Кличка её была Адонис, масть — настоящая гусарская, то есть серая, рост в холке — два аршина и два вершка, что также отвечало уставным требованиям, возраст — семь лет.
— А цена? — спросила Надежда.
— Сто рублей серебром.
Офицеры эскадрона, сидевшие за столом: поручик Сошальский, корнеты Коциевский и Увалов — переглянулись между собой, но промолчали. Надежда почувствовала подвох. Но какой — этого ей никто сейчас не скажет, потому что она — новичок.
Утром солдат привёл Адониса. Это был серый в яблоках мерин средних породных достоинств. Всё в нём было бы ничего, если б не уши, довольно длинные и как-то странно висящие в стороны. Надежда села в седло, подобрала повод. Мерин пошёл шагом, потом, по её команде, и рысью. Она попробовала поднять его в галоп с левой ноги. Это не удалось. Галоп Адонис начинал только с правой, и никак иначе. Он вообще почти не реагировал на действия шенкелей, но очень сильно упирался в повод.
Это была типичная солдатская лошадь из шеренги. Таких ещё в Конно-Польском полку, после гибели Алкида, через руки Надежды прошло несколько. Рядовые, как правило, ездили в шеренгах с отпущенными шенкелями, только на одном поводу. Но в сомкнутом строю этого было достаточно. Офицерские же лошади на учениях и в бою ходили поодиночке, занимали в схемах построений особые места. Потому их выездка требовала большей сложности и точности.
Тут на поле появился взвод Докукина, и её догадка об Адонисе подтвердилась. Надежда хотела встать на место взводного командира перед фронтом — мерин изо всех сил артачился и брыкался. Он тащил её в шеренгу. После короткой борьбы она дала ему волю, и конь сейчас же привёз её на правый фланг, к старшему взводному унтер-офицеру. Заняв это место, он выполнил со взводом все учебные эволюции без малейшего управления со стороны своей наездницы.
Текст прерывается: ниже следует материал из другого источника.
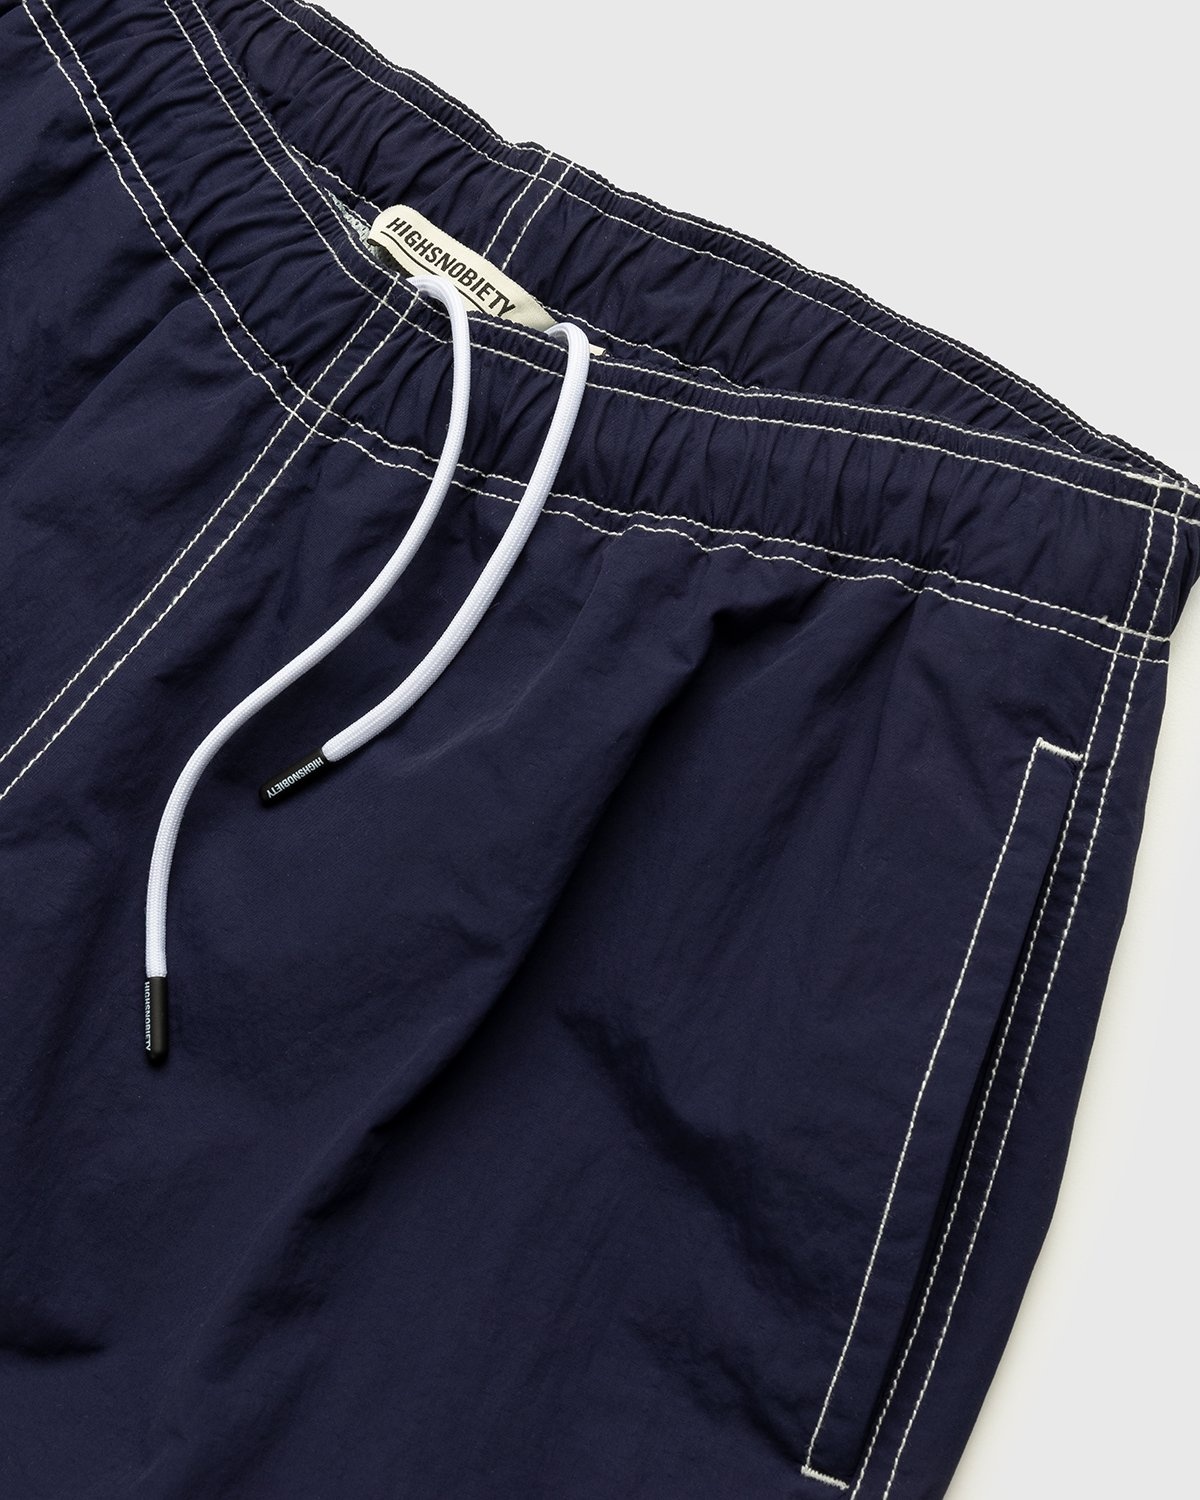 Highsnobiety – Contrast Brushed Nylon Water Shorts Navy - Shorts - Blue - Image 4

Вот тут господин Мальченко был абсолютно прав: эта лошадь выезжена хорошо. Только Надежде она совершенно не подходит, потому как взята прямо из солдатского строя. Красная ей цена — пятьдесят — шестьдесят рублей. А те сто, которые запрашивает за неё почему-то штабс-ротмистр, — просто вымогательство, обман, насмешка над несмышлёнышем корнетом.
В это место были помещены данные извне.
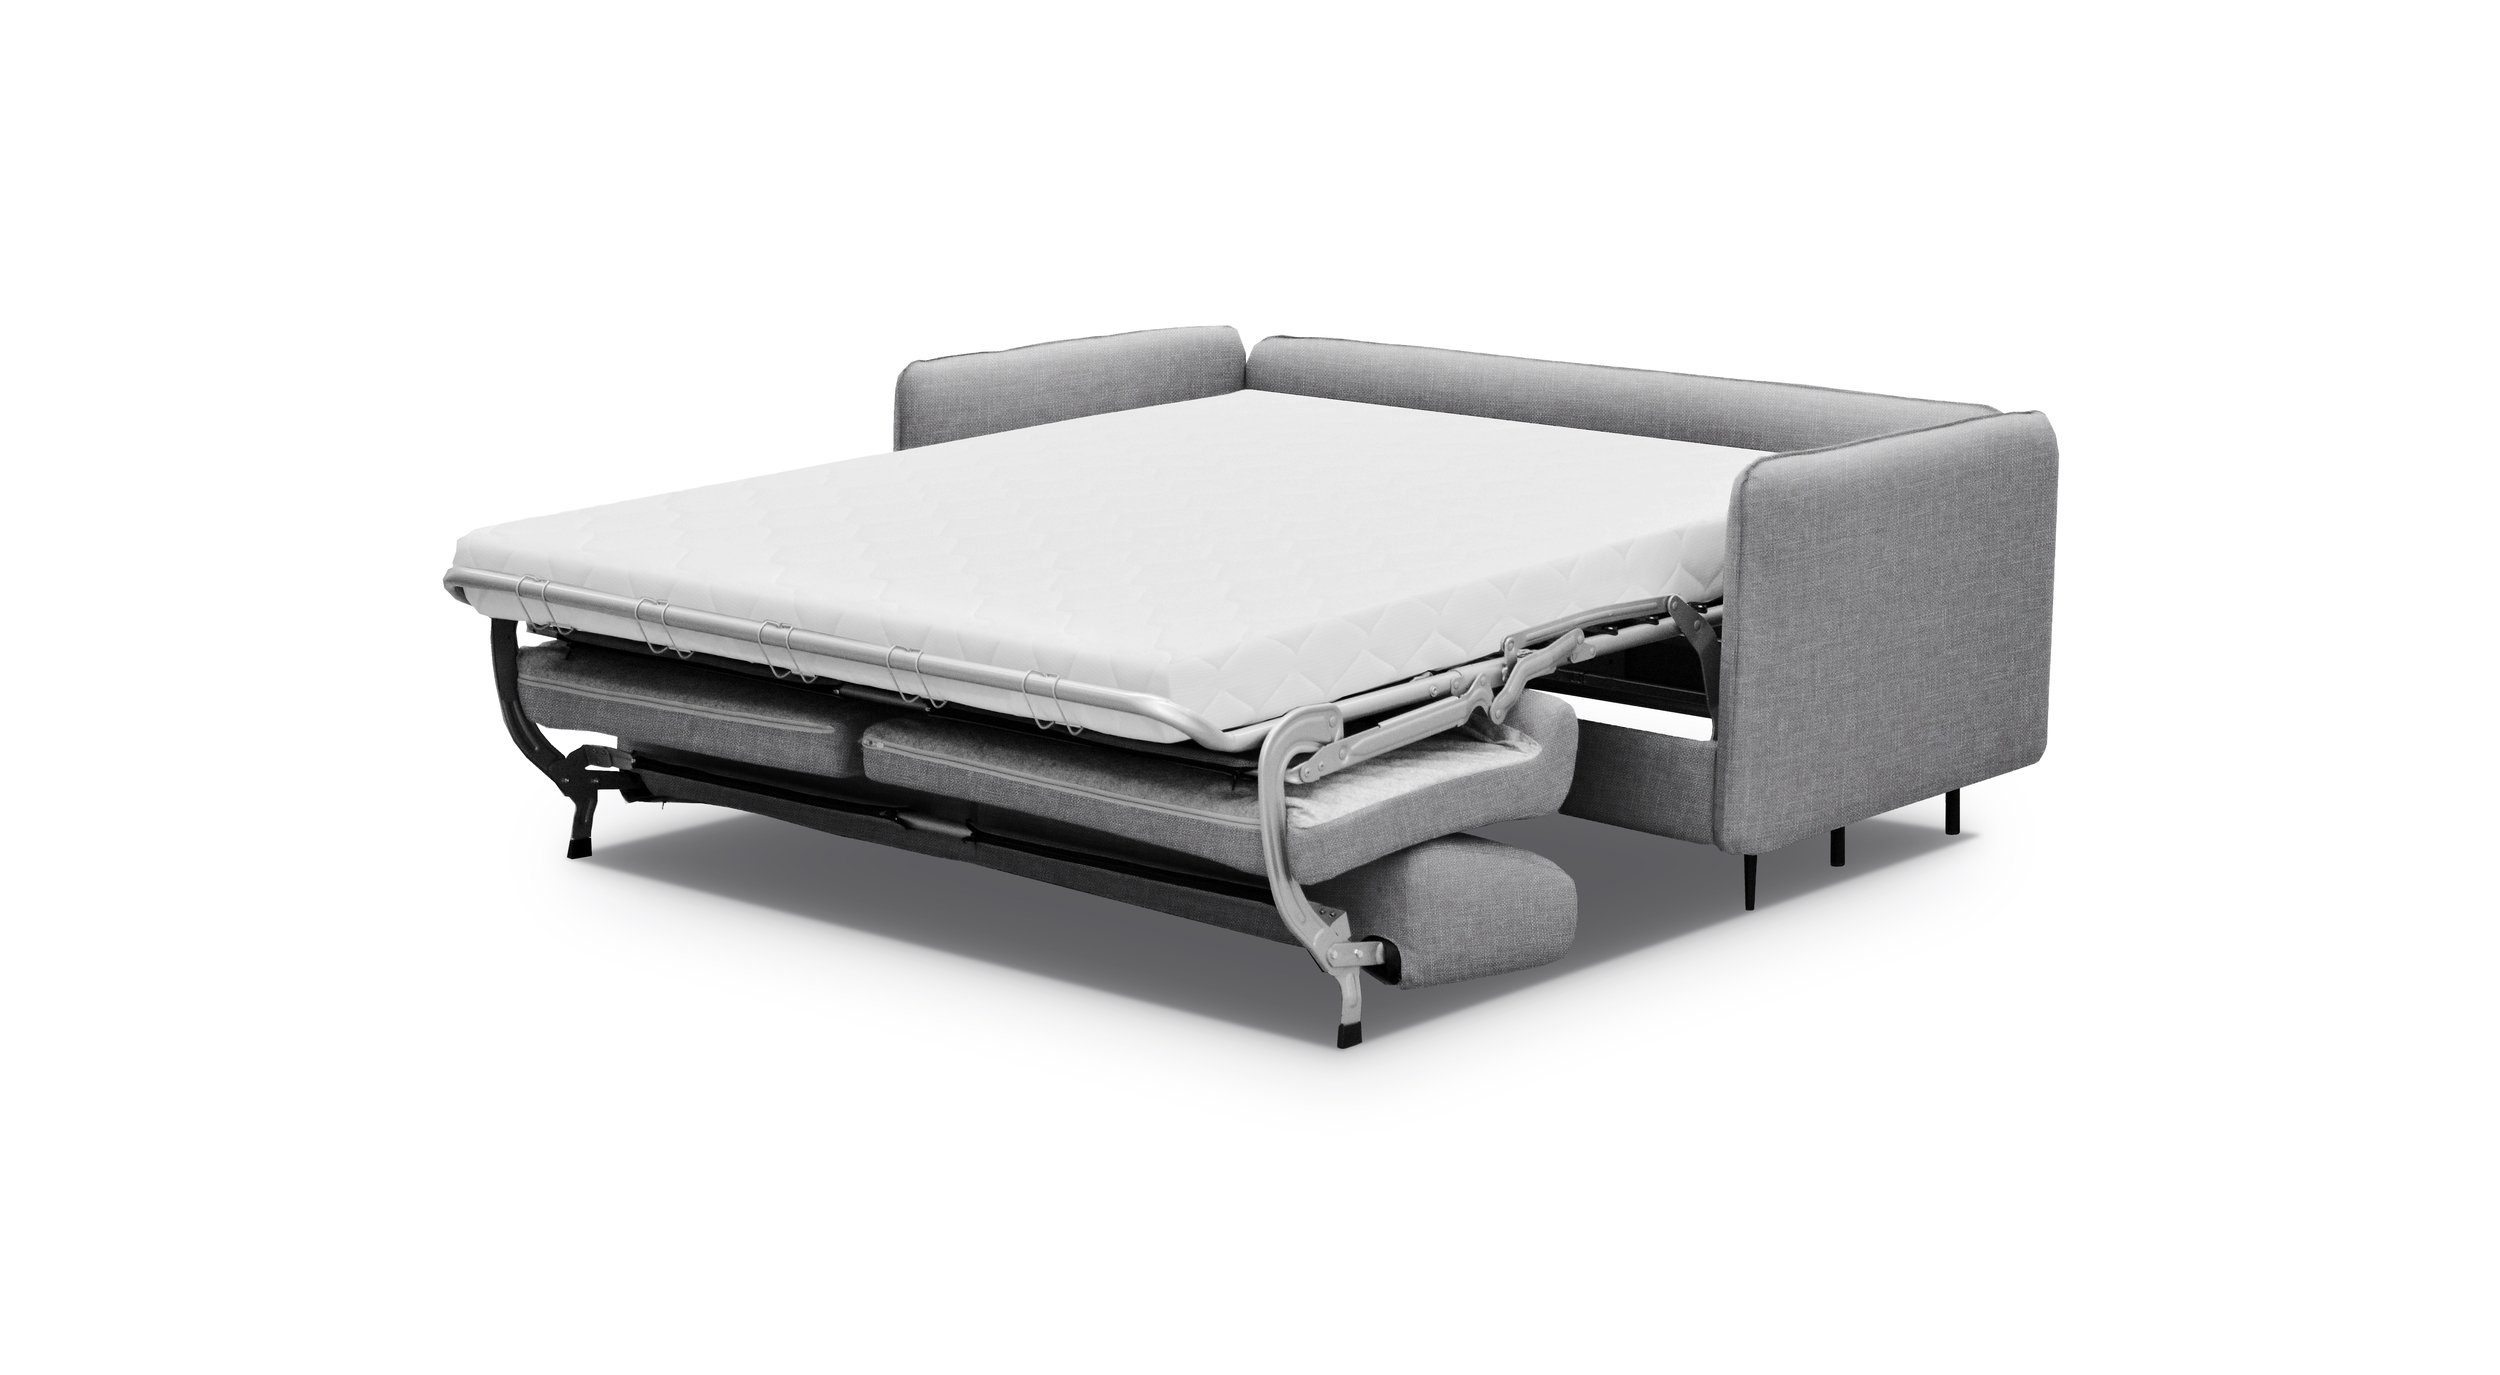 Raum Modern Bettfunktion, stellbar, 3-Sitzer Design, frei Stylefy mit Sofa, im Metall 2-Sitzer, Arnold,

Мальченко внимательно наблюдал за ездой нового офицера. Он понял, что перед ним — опытный всадник. Подъехав к Надежде, он осыпал её похвалами, равно как и своего Адониса.
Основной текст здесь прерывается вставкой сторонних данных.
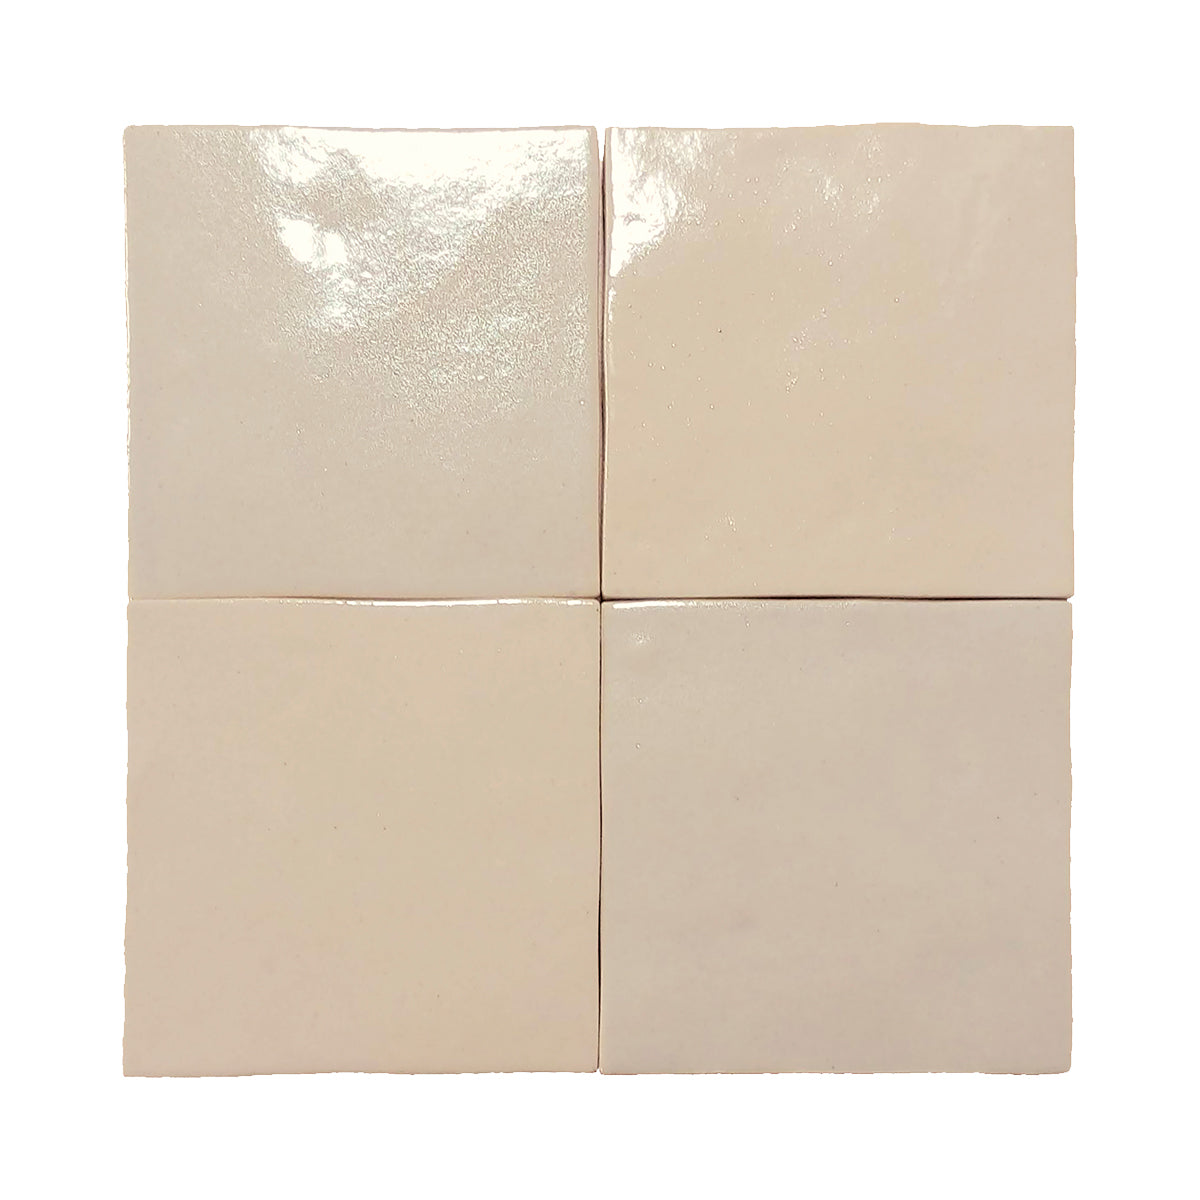 Marrakesh Tantan Beige Ceramic Tile - Semi Gloss

— Из дружеского расположения к вам, Александров, — сказал штабс-ротмистр, — я даже могу отдать вам эту отличную лошадь в долг...
— На какое время?
— До тех пор, пока вам не пришлют денег из дома. Ведь для вашего отца, вероятно, сто рублей — не такая уж крупная сумма...
Хитрые и злые глазки Мальченко остановились на прекрасно сшитом ментике корнета, надетом по зимнему времени в рукава. Он ждал ответа. Надежда молчала. Потом быстро взглянула на него и опустила голову:
— Хорошо. Я возьму у вас эту лошадь.
«Чёрт с тобой и с твоим мерином! — думала она. — Ради моей службы в этом эскадроне. Ради добрых отношений со всеми вами, мариупольцами... Если это, конечно, мне поможет!»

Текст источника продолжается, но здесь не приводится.